Sequences were again edited and aligned in BioEdit and Geneious R6 (Drummond et al, 
2011). We then searched for different, putative alleles within each individual. Given the low 
number of clones screened we only considered as different, presumably functional alleles, 
those DNA sequences differing in at least three nucleotide positions and not showing 
stop codons or disrupted reading frames. These criteria will minimize the impact of PCR 
and sequencing artifacts in our allele repertoire but may also underestimate the number 
of alleles per individual (e.g., when true alleles differed in just one nucleotide positions 
but they are not found in more than one clone each). All sequences fitting these criteria 
have been deposited into the GenBank public domain (see results). Putative pseudogenes 
and those sequences suspected to be mosaic or chimeric sequences were discarded.
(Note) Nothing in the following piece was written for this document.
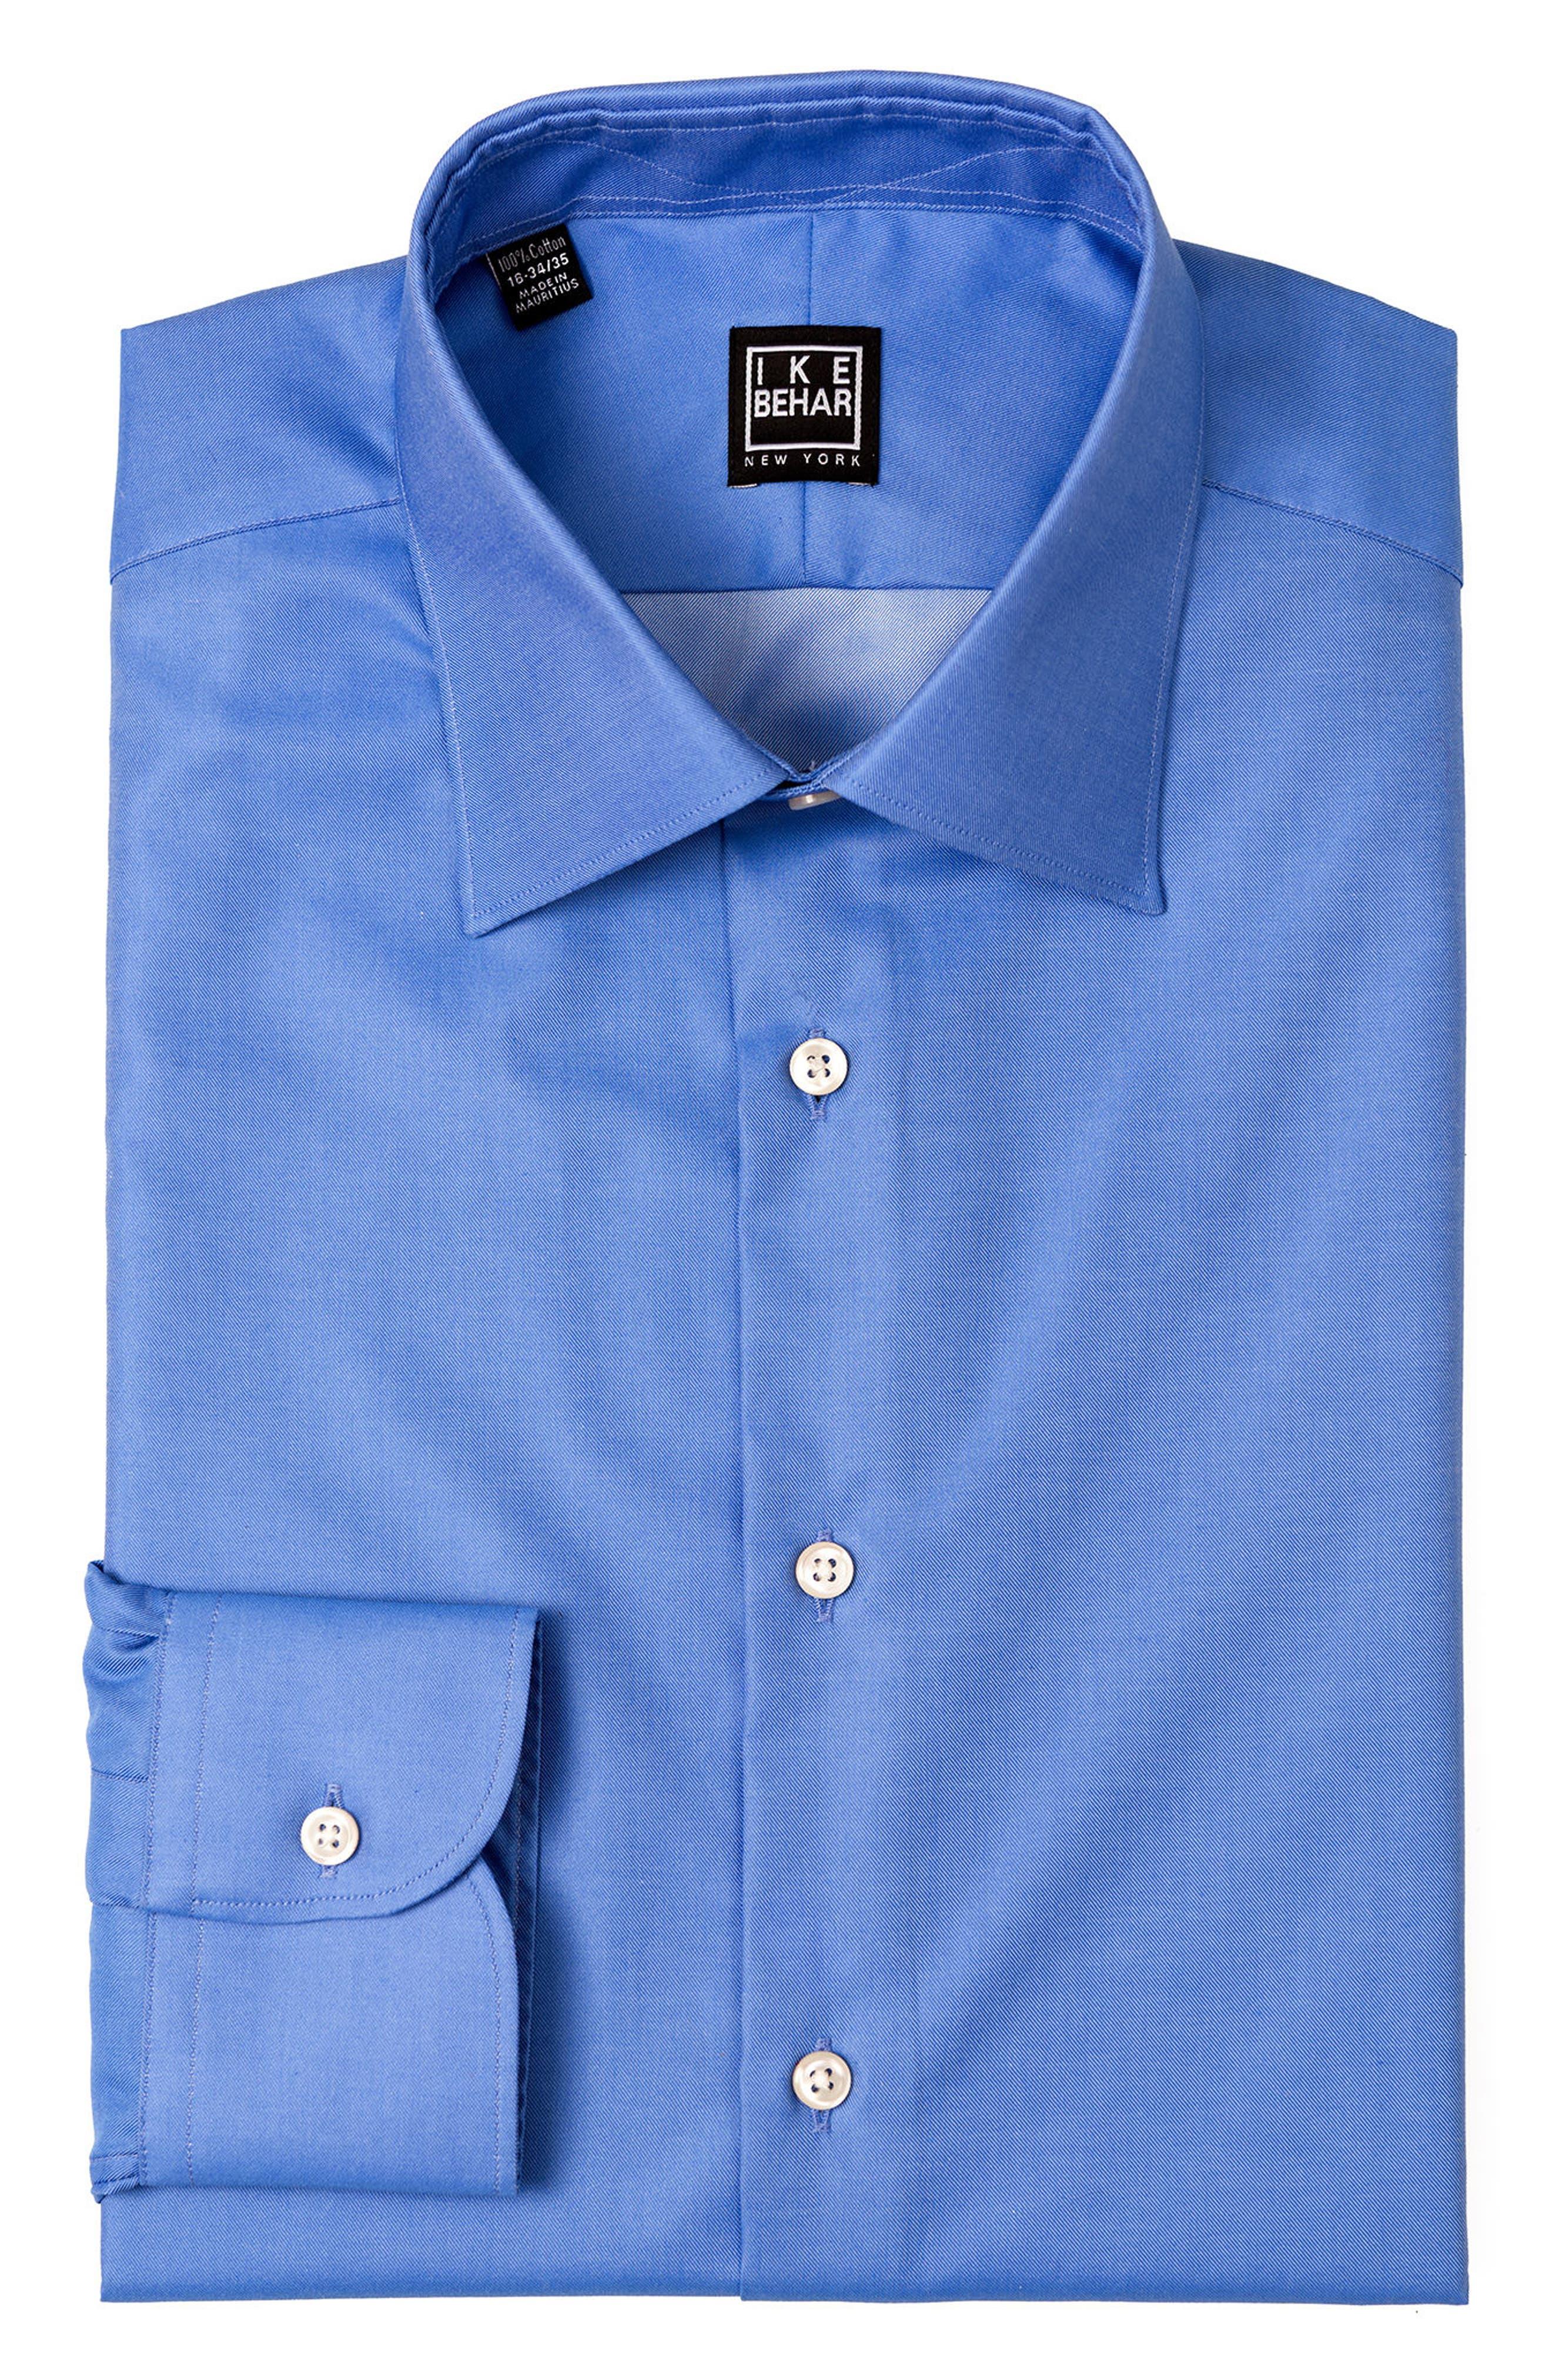 Regular Fit Solid Dress Shirt,                             Alternate thumbnail 5, color,                             DARK BLUE

In a 
study focused on population genetics, the genotyping of MHC loci across large complex 
multigene families requires more stringent criteria and protocols to define true alleles than 
those described in this study (e.g., Lenz & Becker, 2008; Sepil etal, 2012). Here our purpose 
was to produce a first glimpse of the utility of our primers and broad macroevolutionary 
patterns, but future studies using our primers should more thoroughly analyze a MHC 
variability in particular species with more stringent quality checks. 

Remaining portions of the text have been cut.